For this week’s rare whisky reviews, Angus MacRaild picks out three old, extremely scarce – and, in two cases, historically important – bottlings from the Scotch Malt Whisky Society (SMWS).
It’s easy sometimes to overlook the importance of the early SMWS bottlings in laying the groundwork for the more widespread appreciation of single cask, cask strength single malts that blossomed quietly throughout the 1980s and 1990s. Along with other new-wave Scottish bottlers such as James MacArthur, and latterly Signatory, the SMWS slowly evolved ideas of what kinds of whisky could be bottled, and how they were bottled.

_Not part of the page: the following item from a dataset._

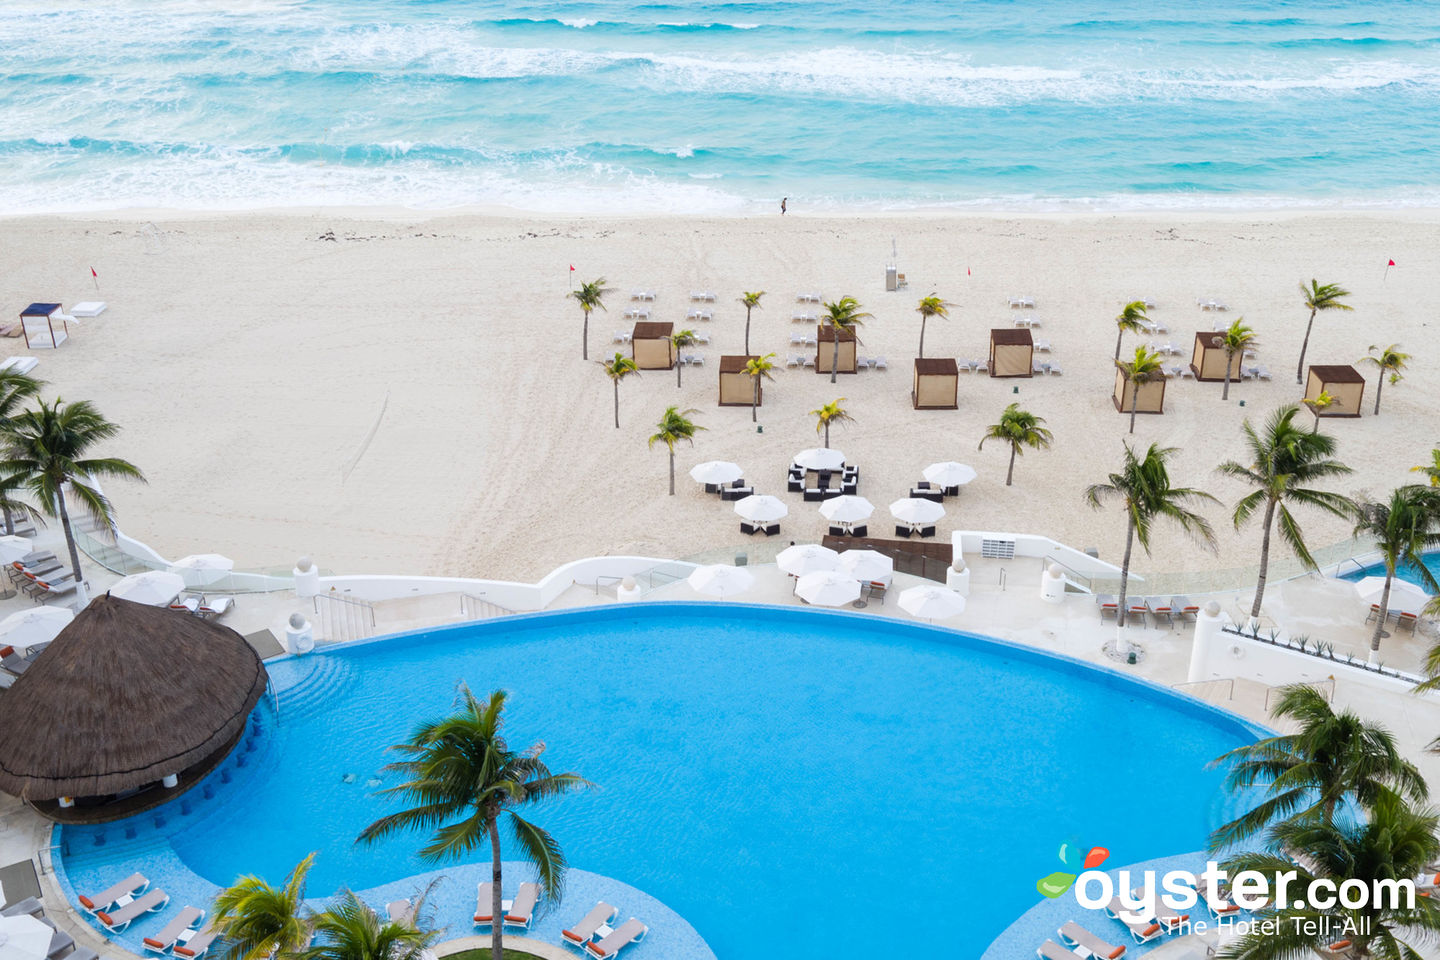 The 15 Best Adults-Only Luxury Resorts in Mexico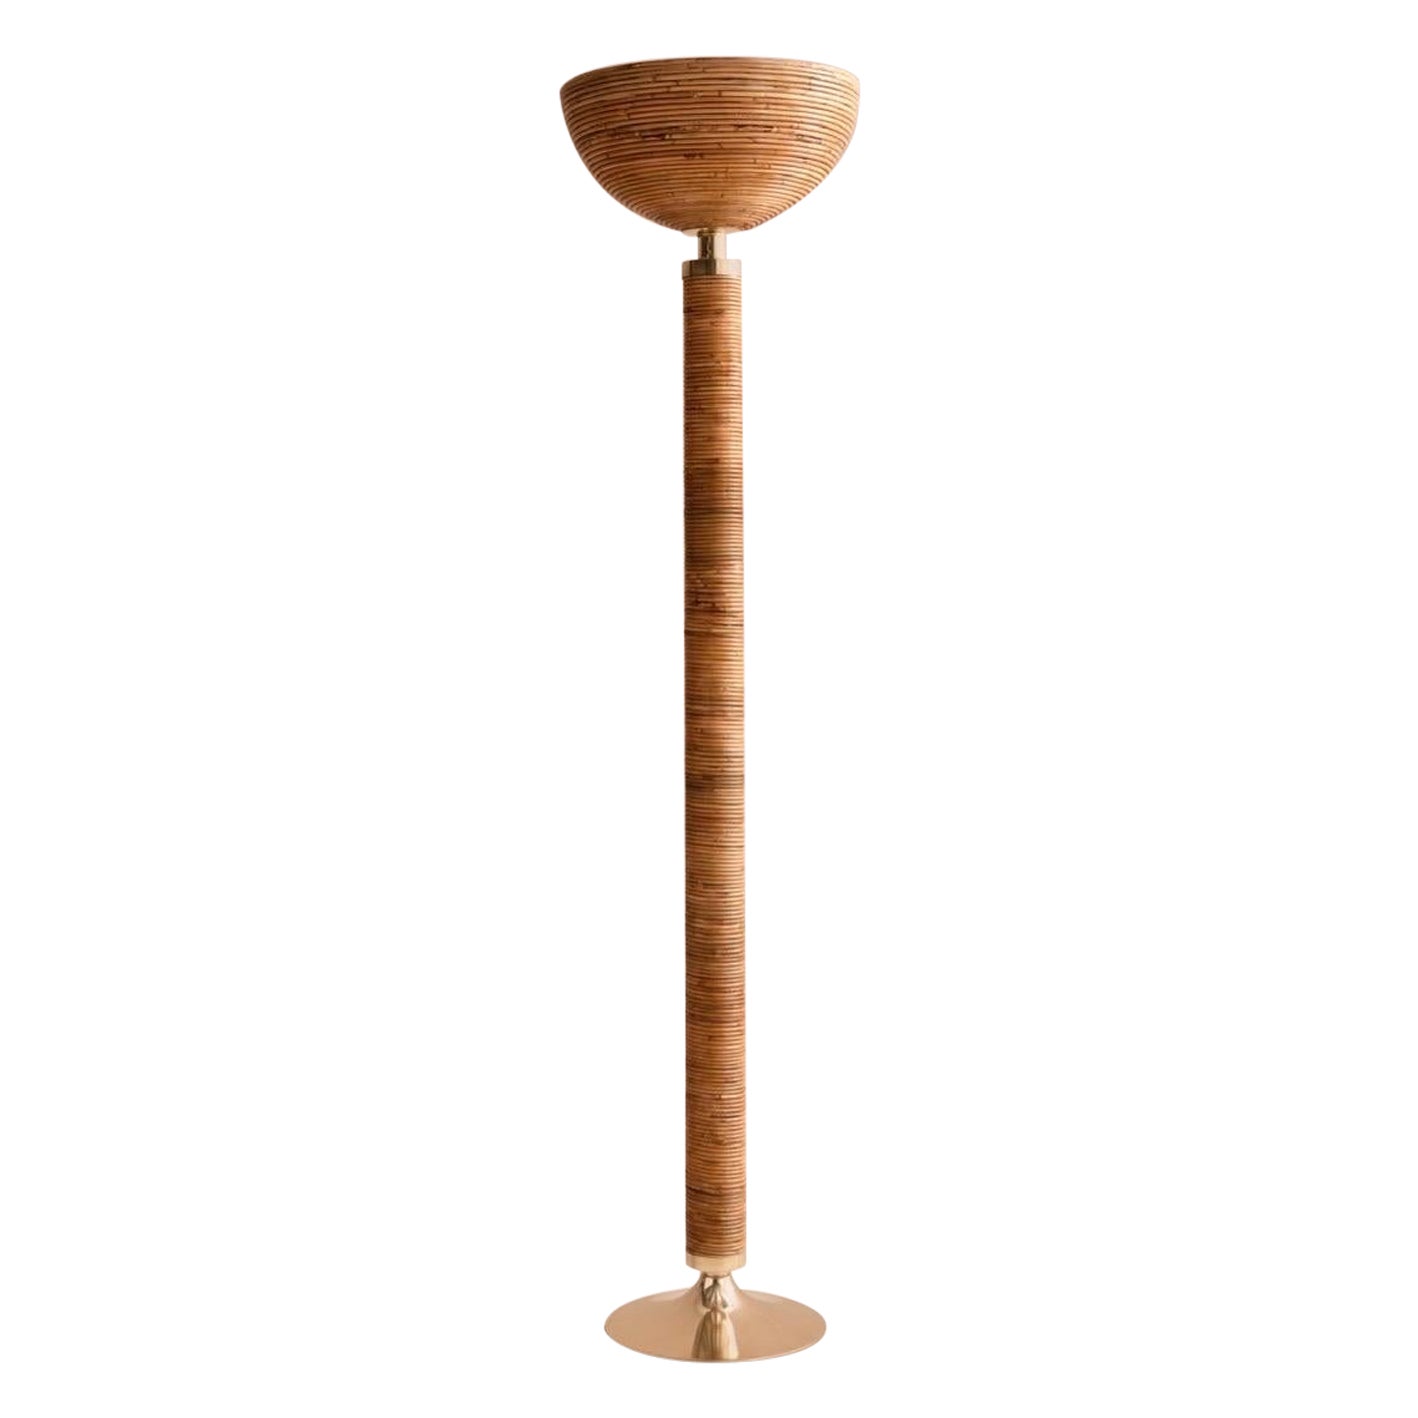 Italian bamboo and brass floor lamp Gabriella Crespi Style  For Sale

Diving in at the deep end, MacRaild finds much to admire in what is not only the first SMWS bottling of Brora, but the first commercial bottling of it as a single malt. Distilled in 1976 and bottled in 1989, the 61.1 Brora proves a satisfyingly big, classically peat-forward example of this mythical make.
The Brora bottling undeniably enjoys something of a cult status among enthusiasts. However, thanks to the perhaps unintended quirks of the Society’s coding system, Glenfarclas 1975 1.1 carries an understandably hallowed iconography about it – one with a more direct and broader appeal than the 61.1 bottling. However, as MacRaild notes, it is a vastly different animal to the potent Highlander.
Last, but by no means least, a scarce example of one of the Society’s Port Ellens, 43.10, is a 1978 distillation bottled in 1996, one which MacRaild finds exemplifies the distillery’s better, and more enigmatic, qualities.